Replies are listed 'Best First'.
Re: Regex and \G
by broquaint (Abbot) on Oct 23, 2003 at 09:16 UTC
    Yes, \G is the same as \A in this context (i.e \G hasn't been set before) according to perlop (the last sentence is the most relevant sentence)
    You can intermix "m//g" matches with "m/\G.../g", where "\G" is a zero-width assertion that matches the exact position where the previous "m//g", if any, left off. Without the "/g" modifier, the "\G" assertion still anchors at pos(), but the match is of course only attempted once. Using "\G" without "/g" on a target string that has not previously had a "/g" match applied to it is the same as using the "\A" assertion to match the beginning of the string.
    HTH

    _________
    broquaint

Re: Regex and \G
by PodMaster (Abbot) on Oct 23, 2003 at 09:15 UTC
    Where did you read about \G? perlre says " \G Match only at pos() (e.g. at the end-of-match position of prior m//g)" and that's what happens. After the first two matches, pos points at the letter X, and X is not a space, so the match fails.
    my @lines = q[ X Y]; foreach(@lines){ s/\G {8}/warn pos();'G'/ge; } die qq['],@lines,q[']; __END__ 0 at - line 3. 8 at - line 3. 'GGX Y' at - line 5.
    I can only assume that the first time it encounters a line, \G is set to 0 - i.e. the beginning of the line. Is this the case?
    You don't have to assume, just use re 'debug'; and watch the output fly.
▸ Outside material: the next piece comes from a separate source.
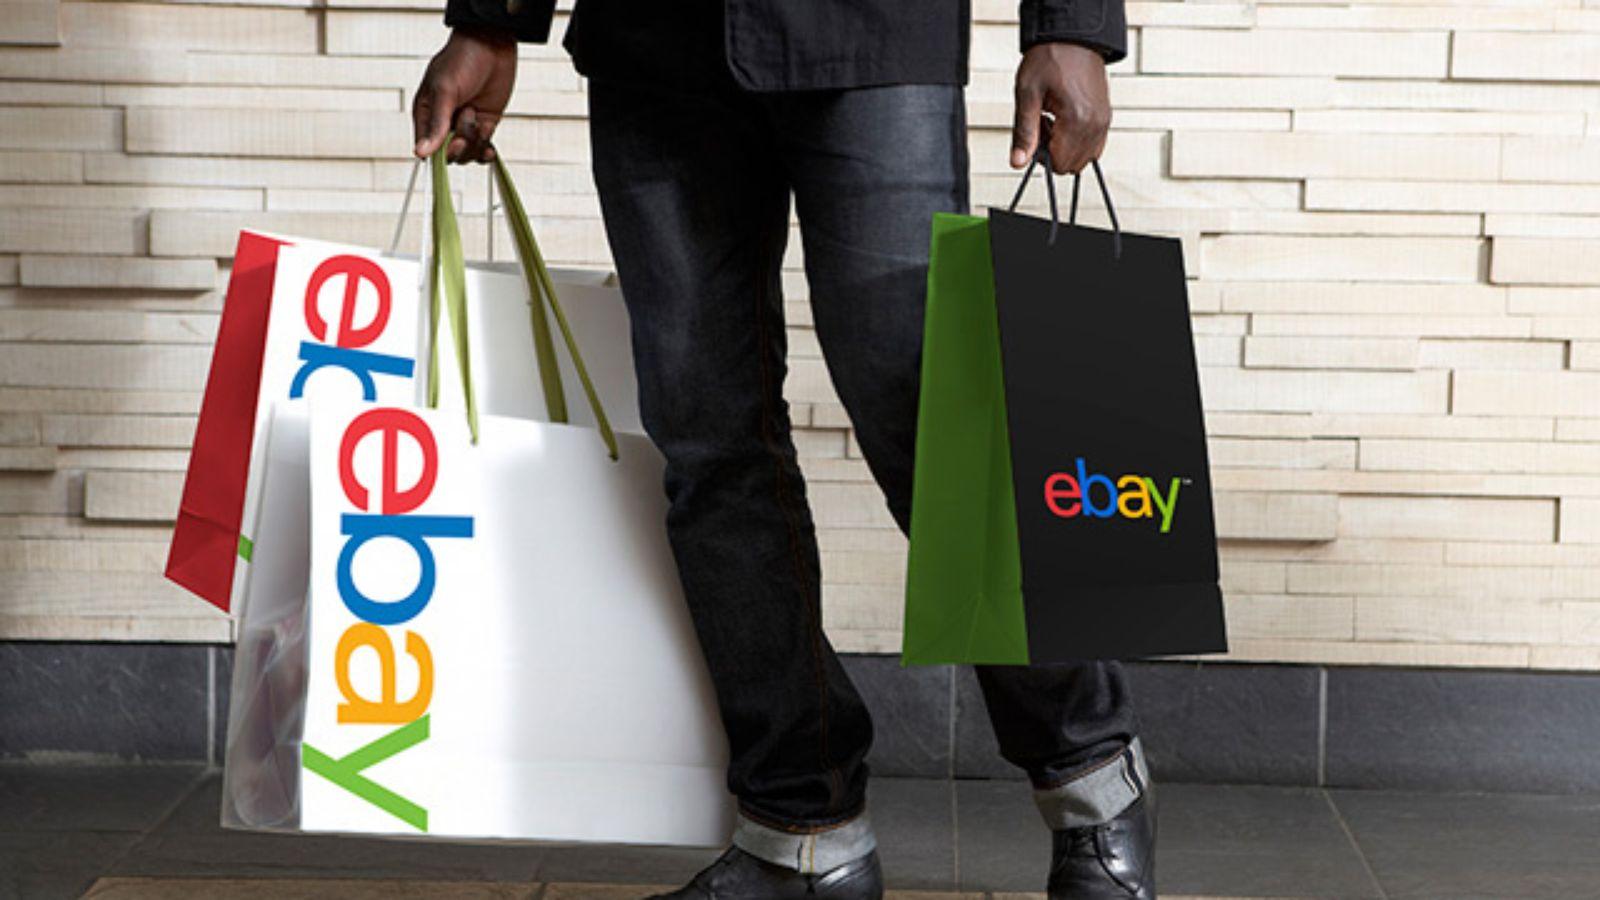 Review Barangan dari Dropshipper eBay

    MJD says "you can't just make shit up and expect the computer to know what you mean, retardo!"
    I run a Win32 PPM repository for perl 5.6.x and 5.8.x -- I take requests (README).
    ** The third rule of perl club is a statement of fact: pod is sexy.
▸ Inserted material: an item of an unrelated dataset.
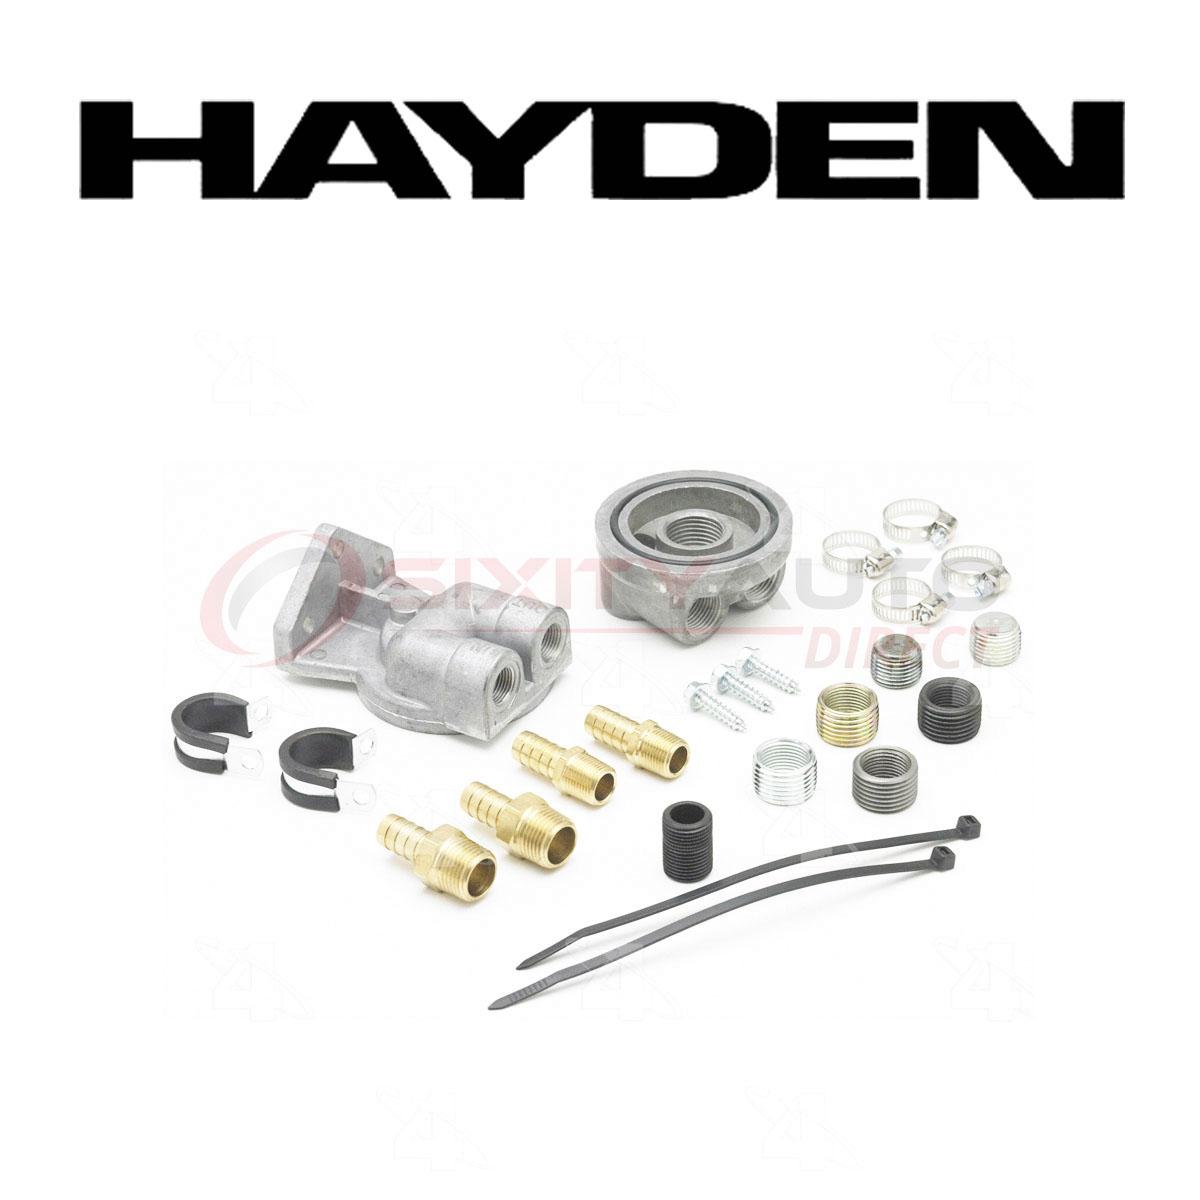 Hayden Oil Filter Remote Mounting Kit for 2005 Nissan

      Sorry, I should have been clearer - I understand what \G (and my regex) does EXCEPT on the first match.

      I guess matching against the beginning of the string was the only possible option, but I just wanted to double-check.

      Just as well I did, or I'd never have know about "use re 'debug'" - many thanks.

      Tom Melly, tom@tomandlu.co.uk
Re: Regex and \G
by Abigail-II (Bishop) on Oct 23, 2003 at 09:14 UTC
    I would use:
    s!^((?: {8})+)!"\t" x length ($1) / 8!e;

    Abigail

      Ah, but then I wouldn't know what I was doing... ;)

      Many thanks, though.

      Tom Melly, tom@tomandlu.co.uk
      s!^((?: {8})+)!"\t" x length ($1) / 8!e;

      Why would you want to replace leading chunks of spaces with "0" while generating a warning?

      Yet another example of why we should have a few more levels in the Perl precedence table.

                      - tye
        Why would you want to replace leading chunks of spaces with "0" while generating a warning?
        Because tabs are evil, and it's good that when there's an attempt to summon evil, warnings are generated, and harmless beings (the 0's) are send instead.

        Abigail

Re: Regex and \G
by bart (Canon) on Oct 24, 2003 at 01:02 UTC
    Allow me some ramblings... Try this code as an experiment:
    $a = "ab cdef gh ijklmn"; $b = "xyz"; while($a =~ /\G(\w\w)/g) { print "1: match in \$a: $1\n"; if($b =~ /\G(\w)/g) { print "2: match in \$b: $1\n"; } else { print "2: no match in \$b - replacing \$a\n"; $a = "AB CD EF"; } if($a =~ /\G(\s*)/g && length $1) { # The match itself never fails print "3: skipping whitespace in \$a\n"; } }
    It prints:
    1: match in $a: ab
    2: match in $b: x
    3: skipping whitespace in $a
    1: match in $a: cd
    2: match in $b: y
    1: match in $a: ef
    2: match in $b: z
    3: skipping whitespace in $a
    1: match in $a: gh
    2: no match in $b - replacing $a
    1: match in $a: AB
    2: match in $b: x
    3: skipping whitespace in $a
    1: match in $a: CD
    2: match in $b: y
    3: skipping whitespace in $a
    1: match in $a: EF
    2: match in $b: z
    
    Look how two regexes (1 and 3) match on $a, sharing the same pos pointer, and another one (2) matching on $b, using its own pointer, independently of the other.

    What can one conclude from this?

    • Each match starts at position 0, at first (re your question)
    • It continues from there; when a match fails, it resets the pointer to 0 (unless you used the /c modifier). If you try to match again, it'll start again from the top.
    • Each scalar has its own associated position pointer, not one per regex.
    • If you change the scalar midway, it resets its associated pointer.